A colossal mass in the shadow, the bear came forward. For a few moments, to the right and behind the rocks, yelps and cries had been heard. The murmur swelled into a roar. A very tall animal appeared, trotting with a perceptible limp, and the bear, through wide-open nostrils, identified a horse. Wounds in the legs were slowing the fugitive, and he had not covered 100 strides when five wolves appeared, then a horde of jackals.
With a joyous grunt the bear started forward. In the grip of immense terror, the horse halted then turned his head. He saw the five wolves across the path to the east, while the bear and the rocks barred the path to the west.
The horse spun on his hoofs and fled southward, pursued by the bear with oscillating, heavy leaps, and the wolves, now frightened by their new rival but kept in action by lingering hope. The hunted beast, reddening the trail with his blood, constantly lost ground. His wounded leg seemed dead, stiff, and hampered his strides. All about, avid lives sought to swallow this terrified life.

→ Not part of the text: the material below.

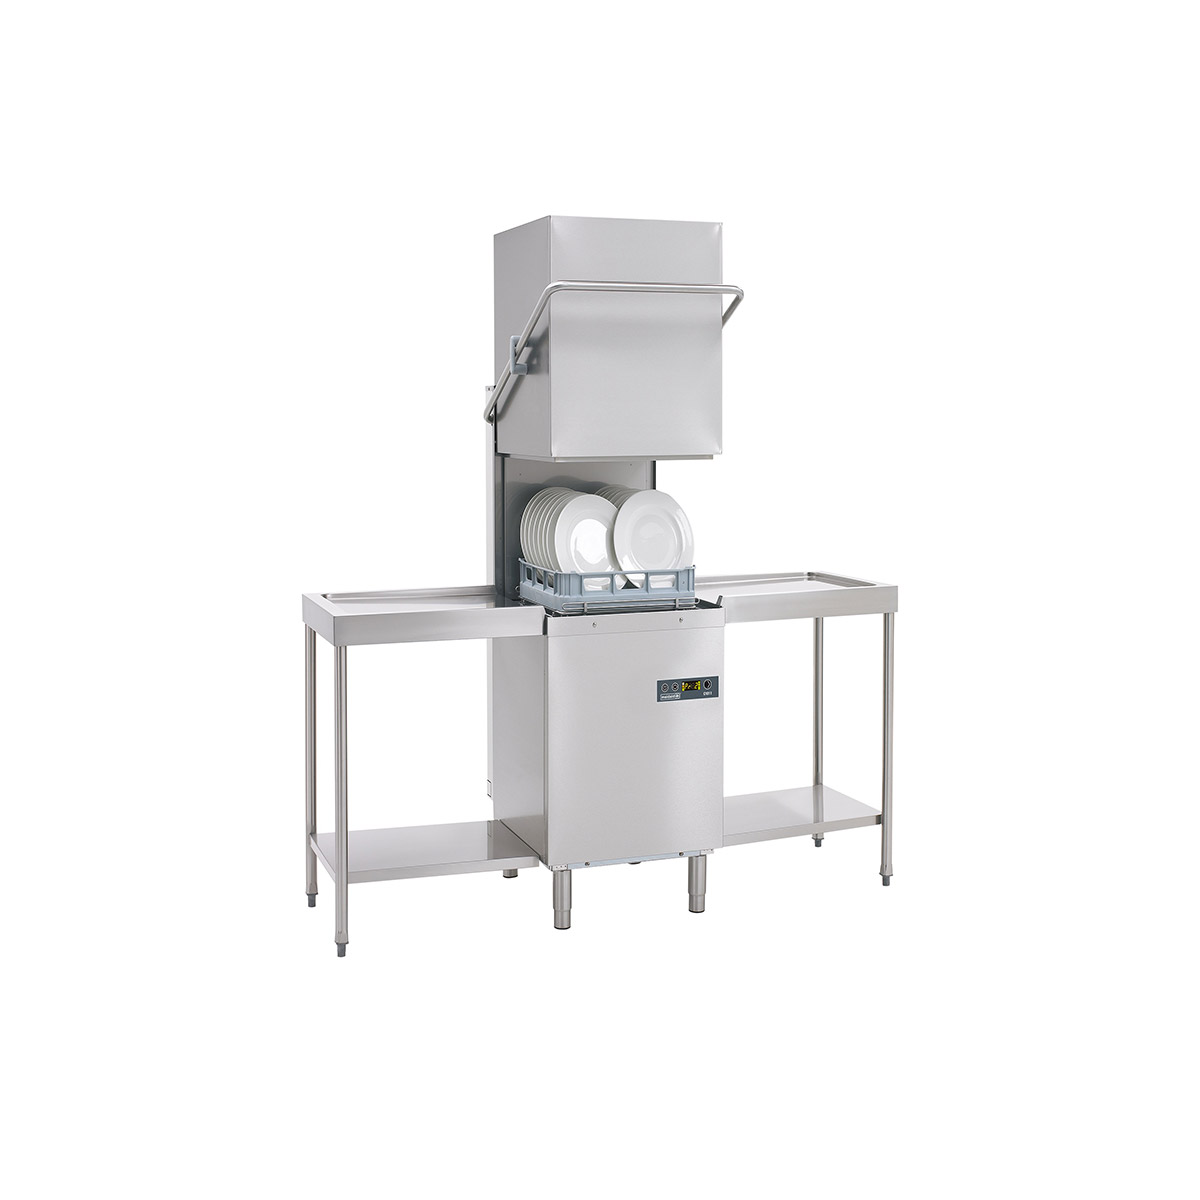 Maidaid Halcyon Passthrough Dishwasher C1011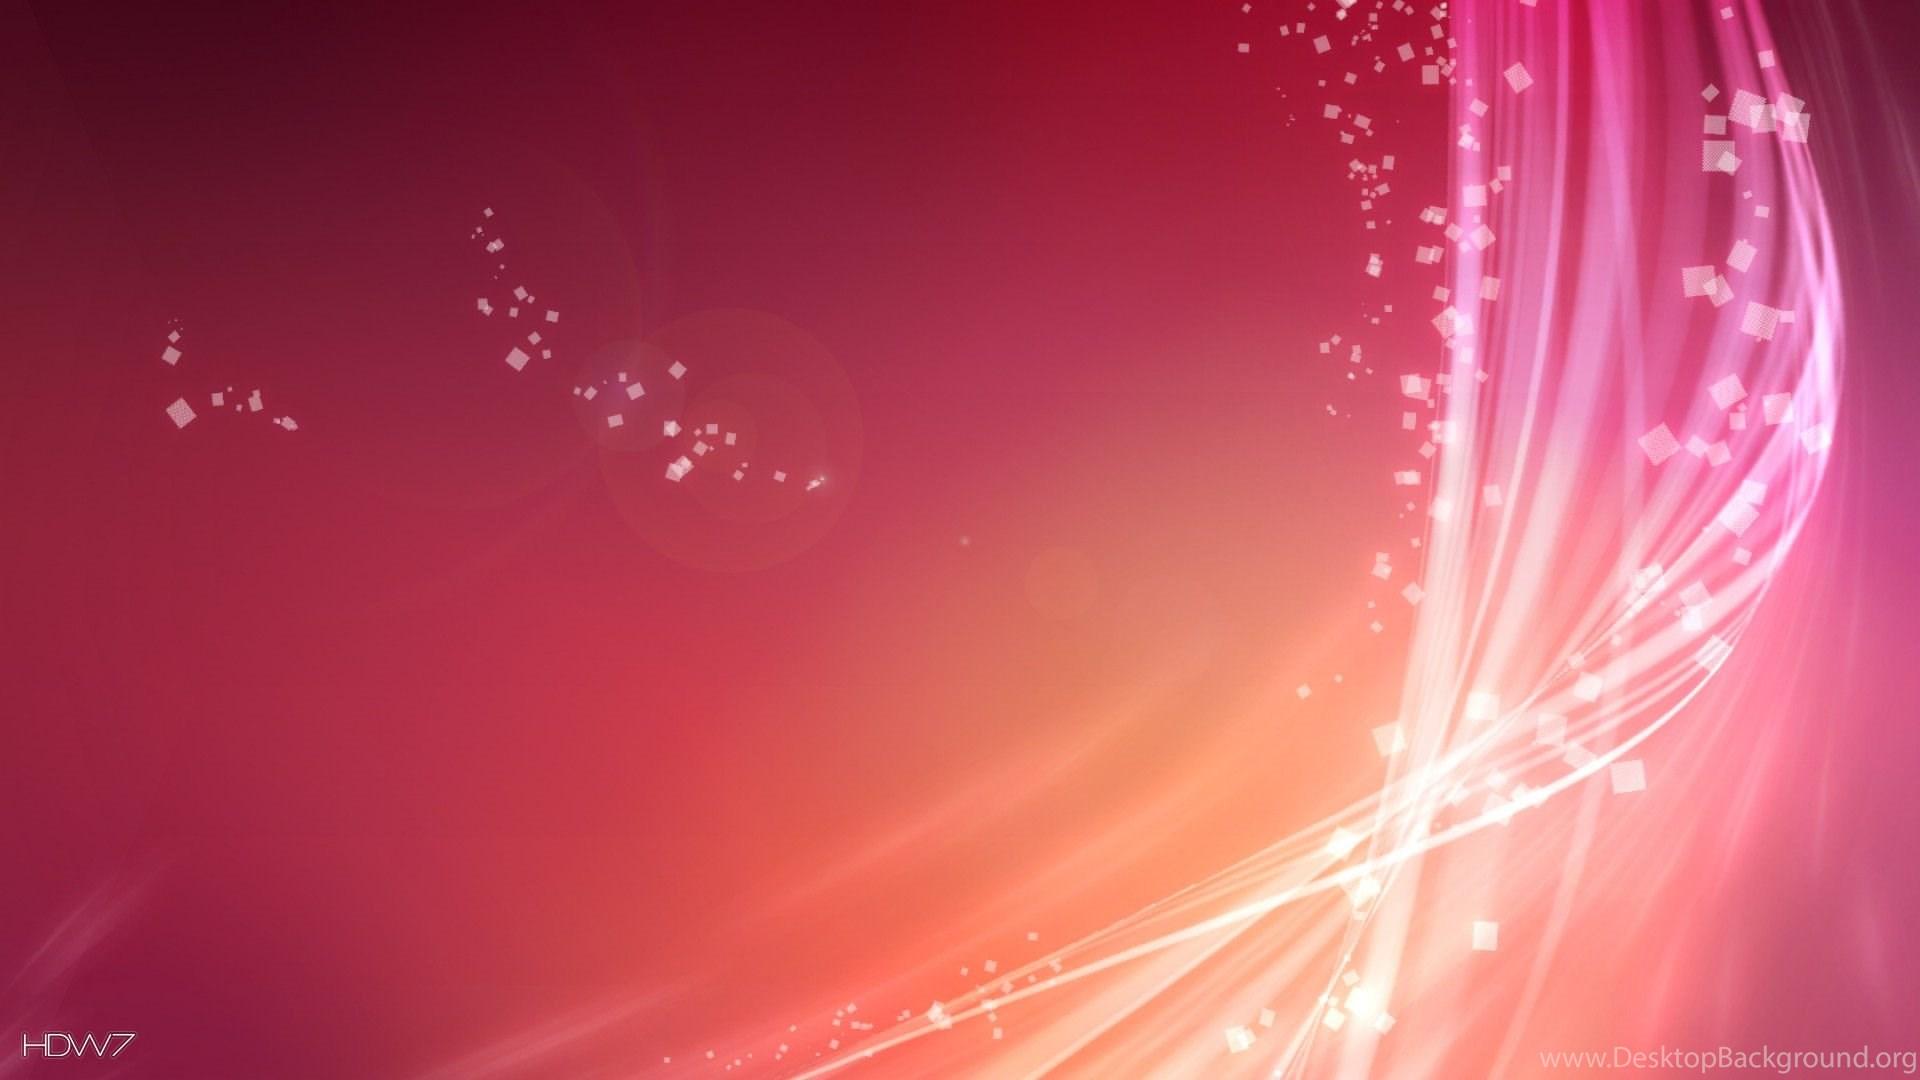 Abstract Pink Pastel Wallpapers 1080p Desktop Background

Soon, with the bear so near that the wolves howled with disappointment, the grass-eater saw nothing but greedy maws. A few seconds before there had remained a lane of escape, the open plain upon which, for so long, through his scent and speed, he had fled from the meat-eaters. Now, space was filled with famished beasts, and the horse, heavy as a rock, still as a tree, waited for death with a sinister moan. The bear split his throat, blood drenched the red hair; a wolf, bolder than the others, attacked him from behind.
That terrible night made the women even more prudent. When the haven was not sure, they upset their canoe, and this shelter disconcerted the crude intelligence of the wild beasts. Between the ground and the rim of the craft there was space left through which to prick the nostrils that came scenting, or the groping paws. Mysteriously wounded by an invisible foe, the beasts beat a rapid retreat. Glava and Amhao took care not to wield their spears too violently, so as not to exasperate the larger meat-eaters.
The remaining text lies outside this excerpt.